#### Dataset extract ####
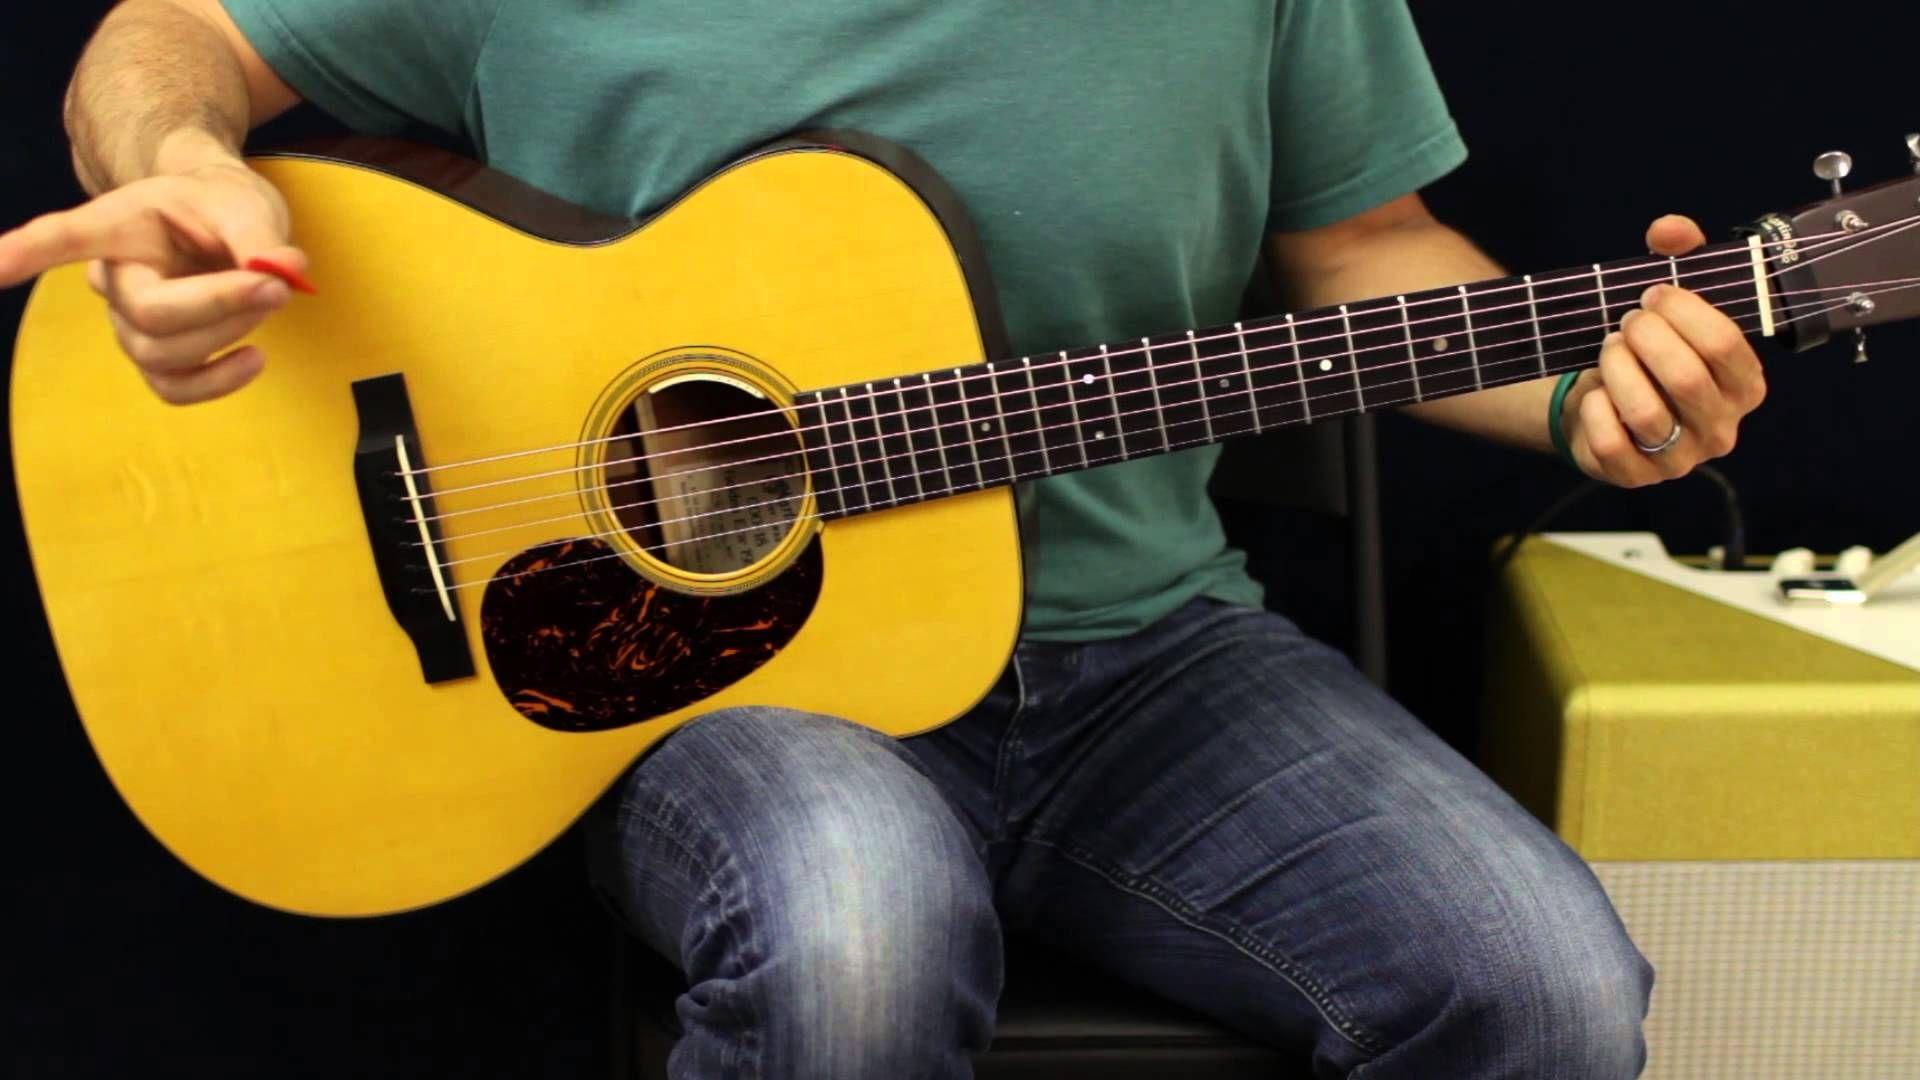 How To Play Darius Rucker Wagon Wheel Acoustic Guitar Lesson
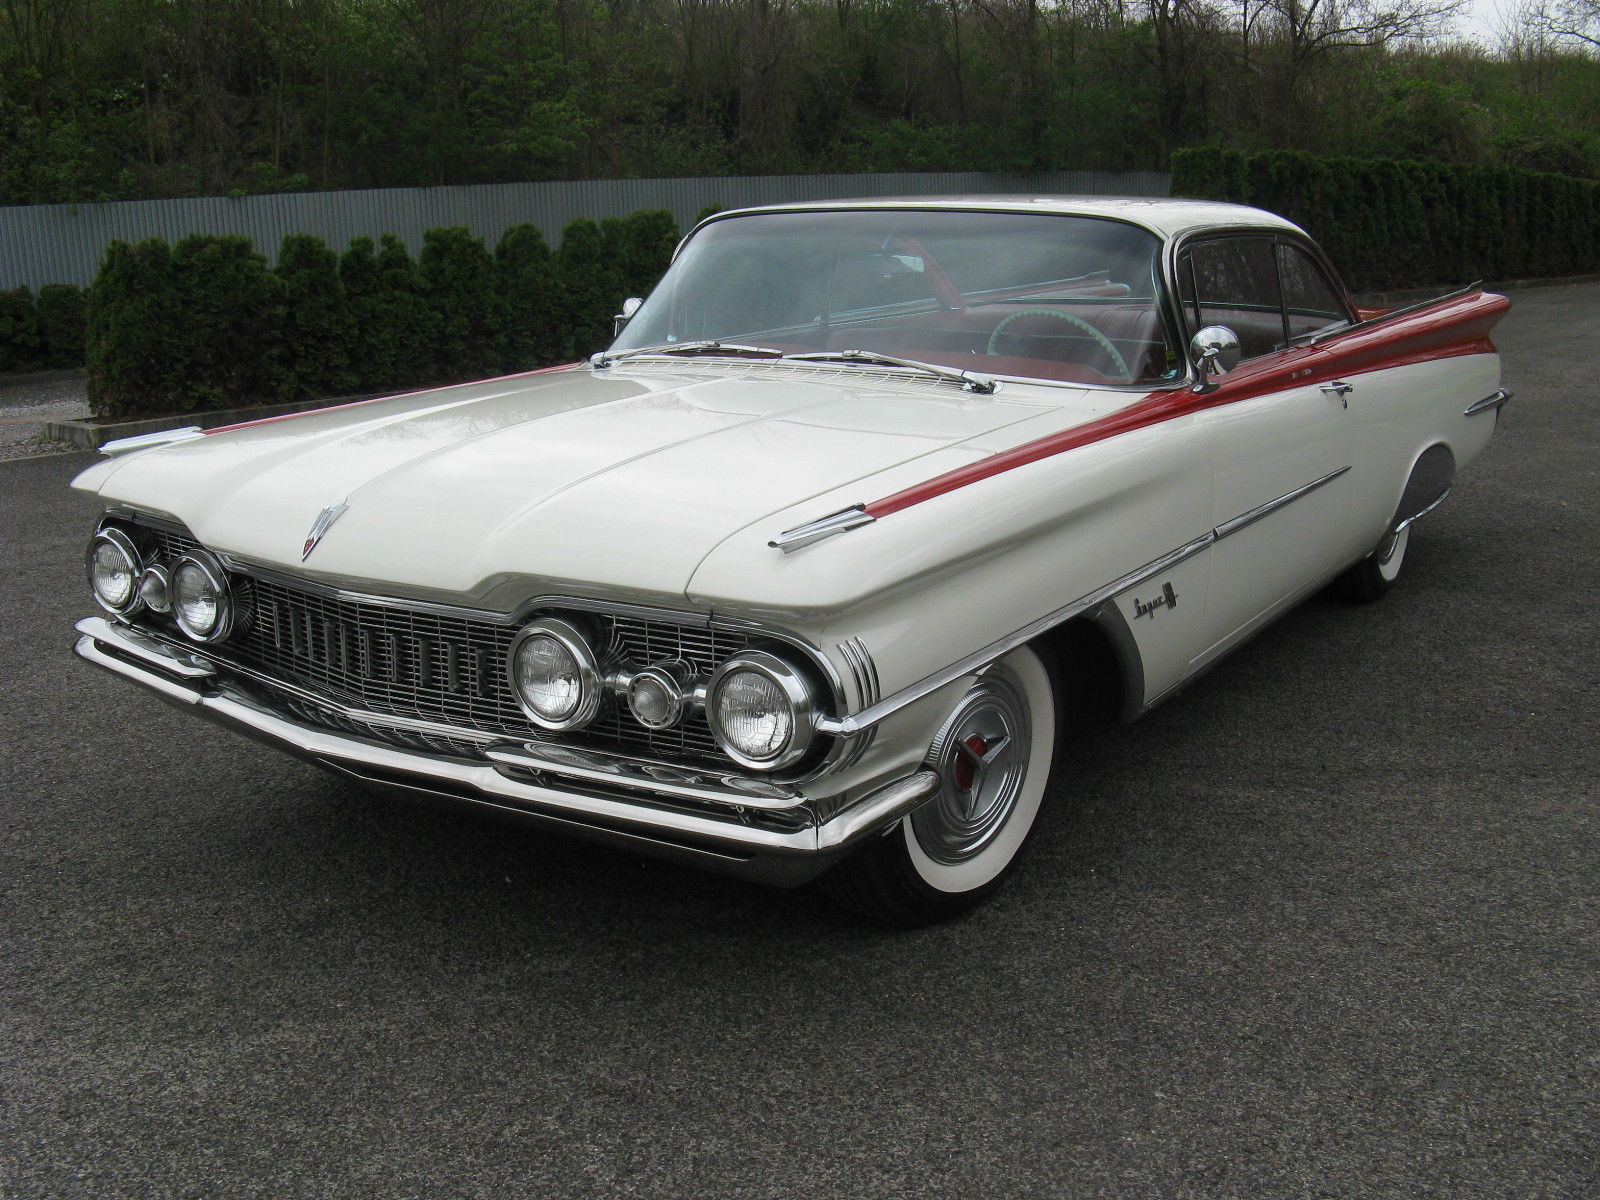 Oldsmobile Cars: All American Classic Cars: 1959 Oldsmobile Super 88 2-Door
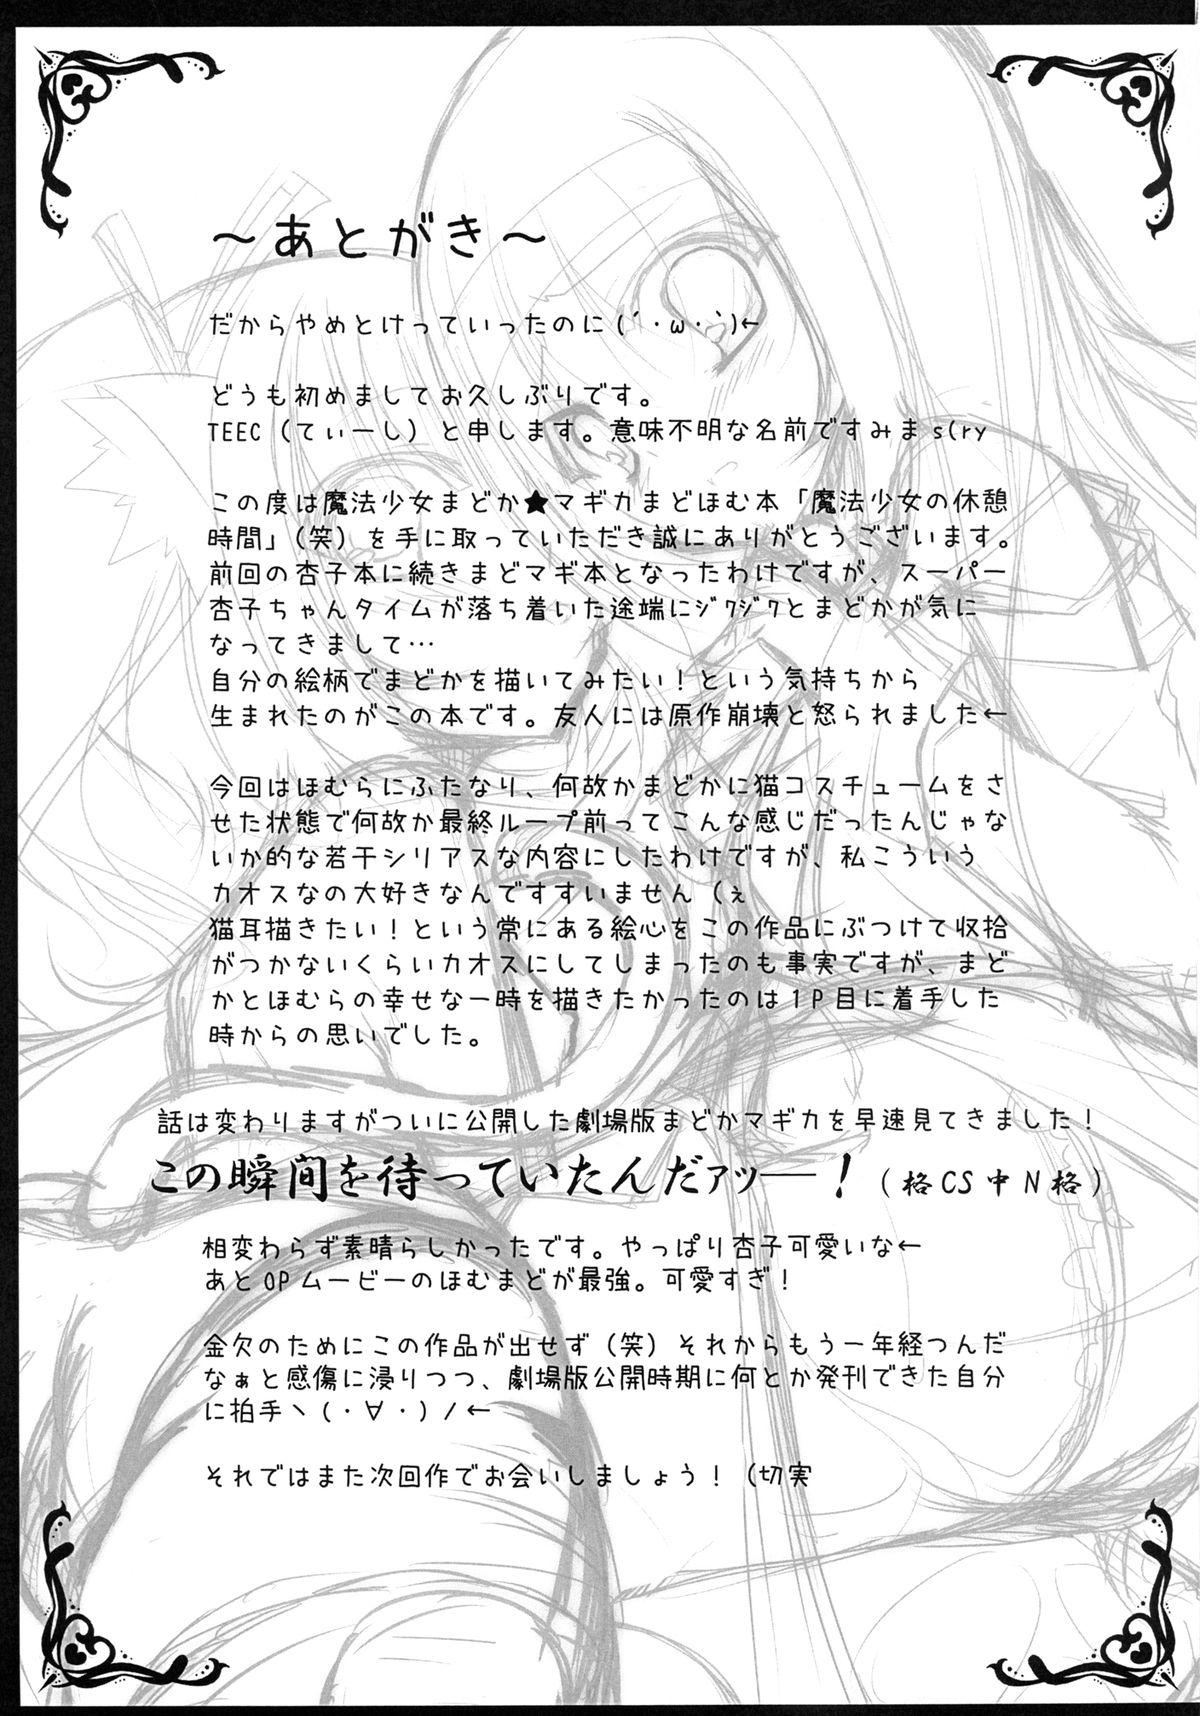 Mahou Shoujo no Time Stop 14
####
• **Brief**: Every line above should be copied exactly; do not carry over the pictures.

• **Answer for this exercise**:
 How To Play Darius Rucker Wagon Wheel Acoustic Guitar Lesson
 Oldsmobile Cars: All American Classic Cars: 1959 Oldsmobile Super 88 2-Door
 Mahou Shoujo no Time Stop 14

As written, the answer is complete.